Member of the Washington House of Representatives from the 33rd district
- Incumbent
- Assumed office December 10, 2024 Serving with Mia Gregerson
- Preceded by: Tina Orwall

Personal details
- Born: Edwin Carbonell Obras August 5, 1971 (age 54) Republic of the Philippines
- Party: Democratic
- Children: 1
- Education: University of Washington, BA; Northeastern University, Graduate Certificate (2015); MPA (2016)

= Edwin Obras =

Edwin Carbonell Obras (born August 5, 1971) is an American politician serving in the Washington House of Representatives, representing the 33rd Legislative District.

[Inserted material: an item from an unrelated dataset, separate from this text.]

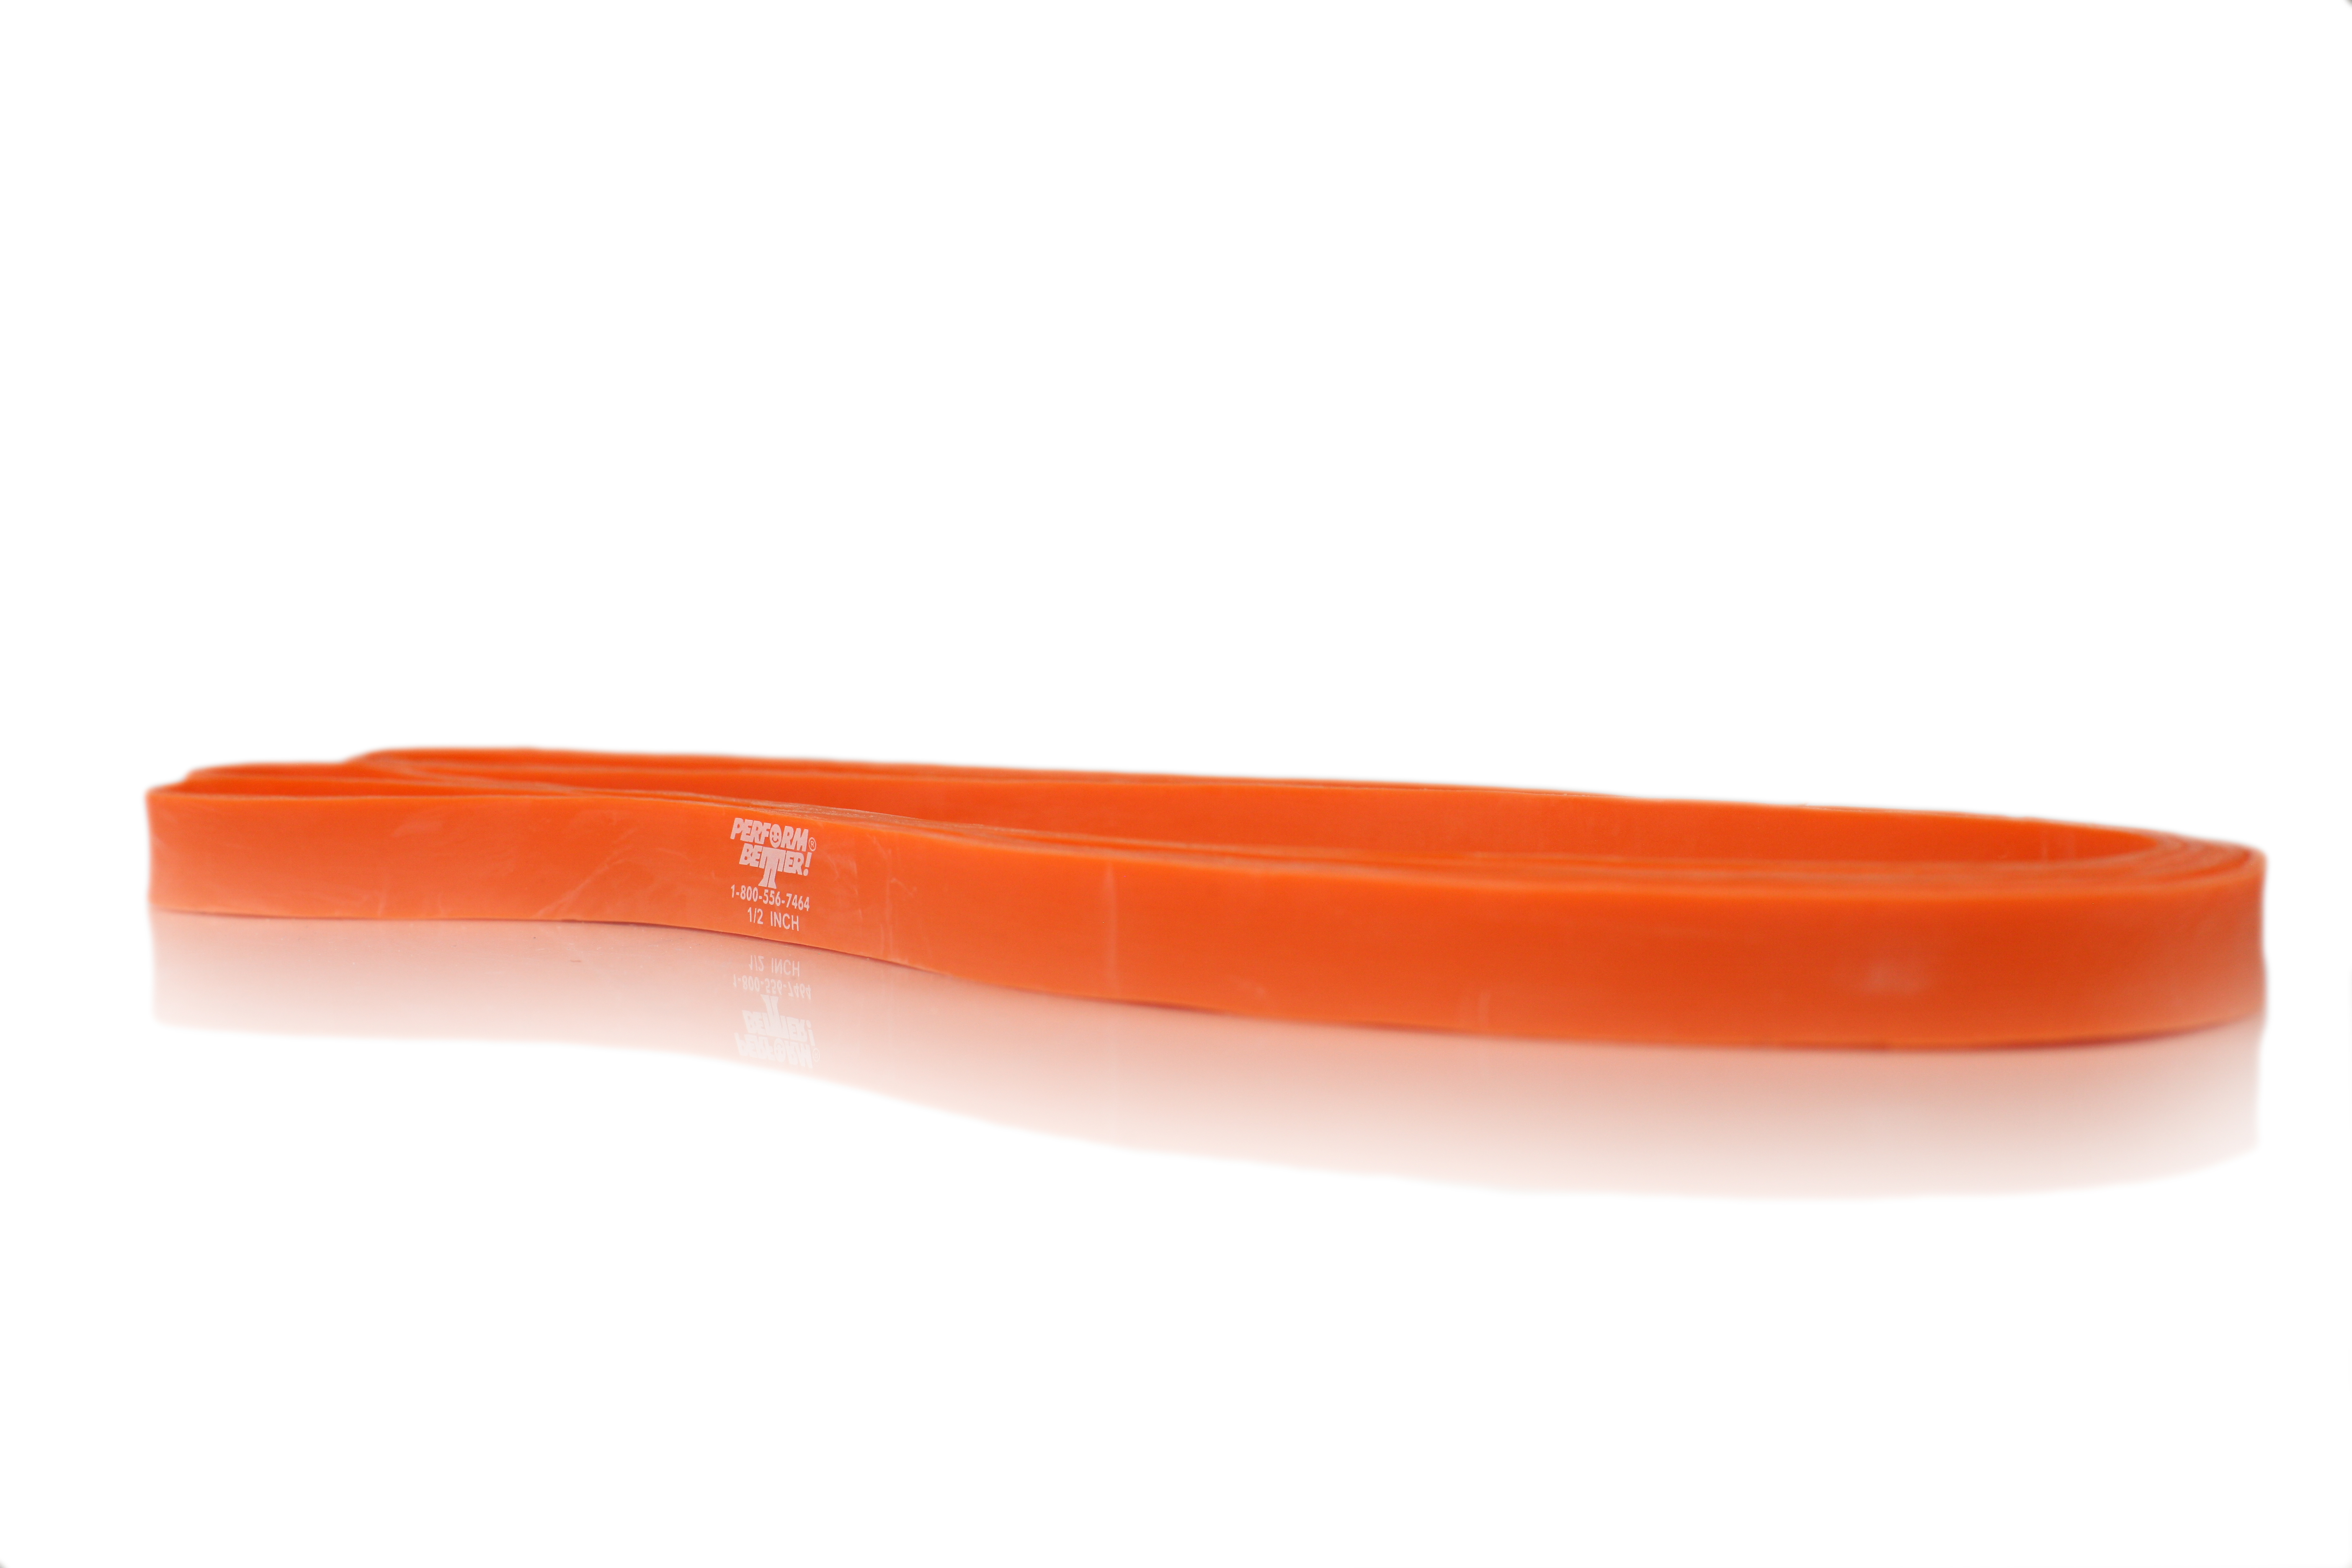 Superbands - 0,6 cm breit, 6 kg, orange 5mm dick
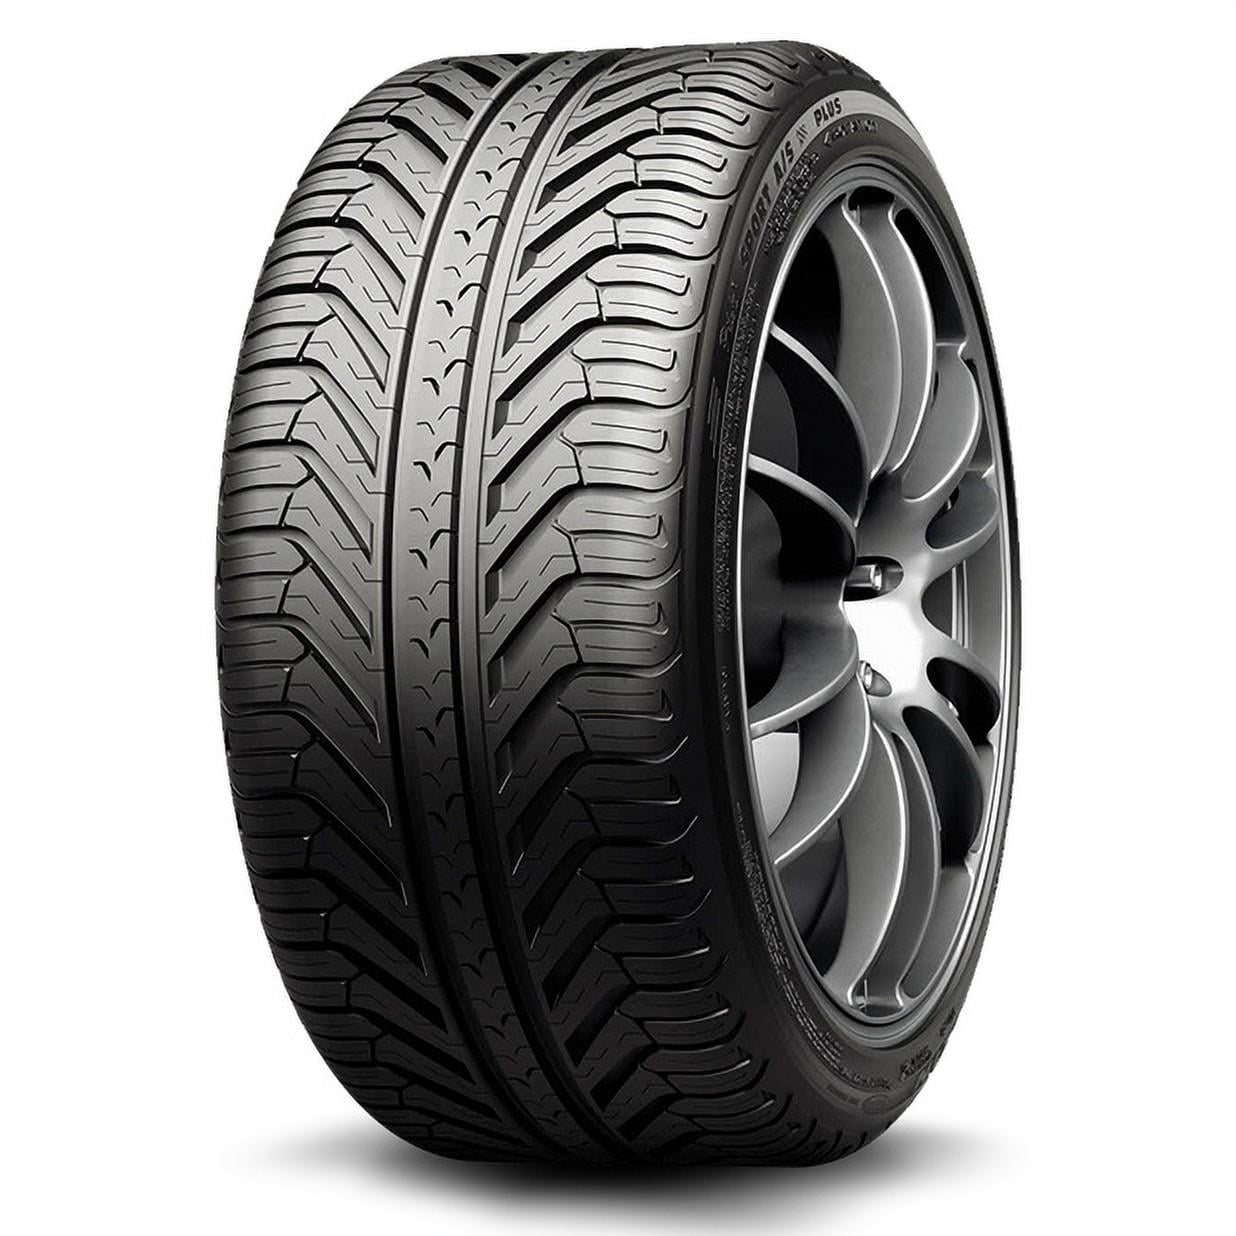 Michelin Pilot Sport A/S Plus 285/40R19 103 V Tire

== Early life and education ==
Obras was born in the Philippines. He grew up on Beacon Hill in Seattle.

He graduated from the University of Washington with a BA in American Ethnic Studies. He received a Graduate Certificate in Non-Profit, Philanthropy and Social Change (2015), as well as a Master of Public Administration (2016), from Northeastern University.

== Career ==
Obras has worked for the City of Seattle's Human Services Department for over 15 years, most recently as deputy division director.

He has served as board president of the Filipino Community of Seattle (FCS) since 2019.

On December 10, 2024, Obras was appointed to the Washington House of Representatives.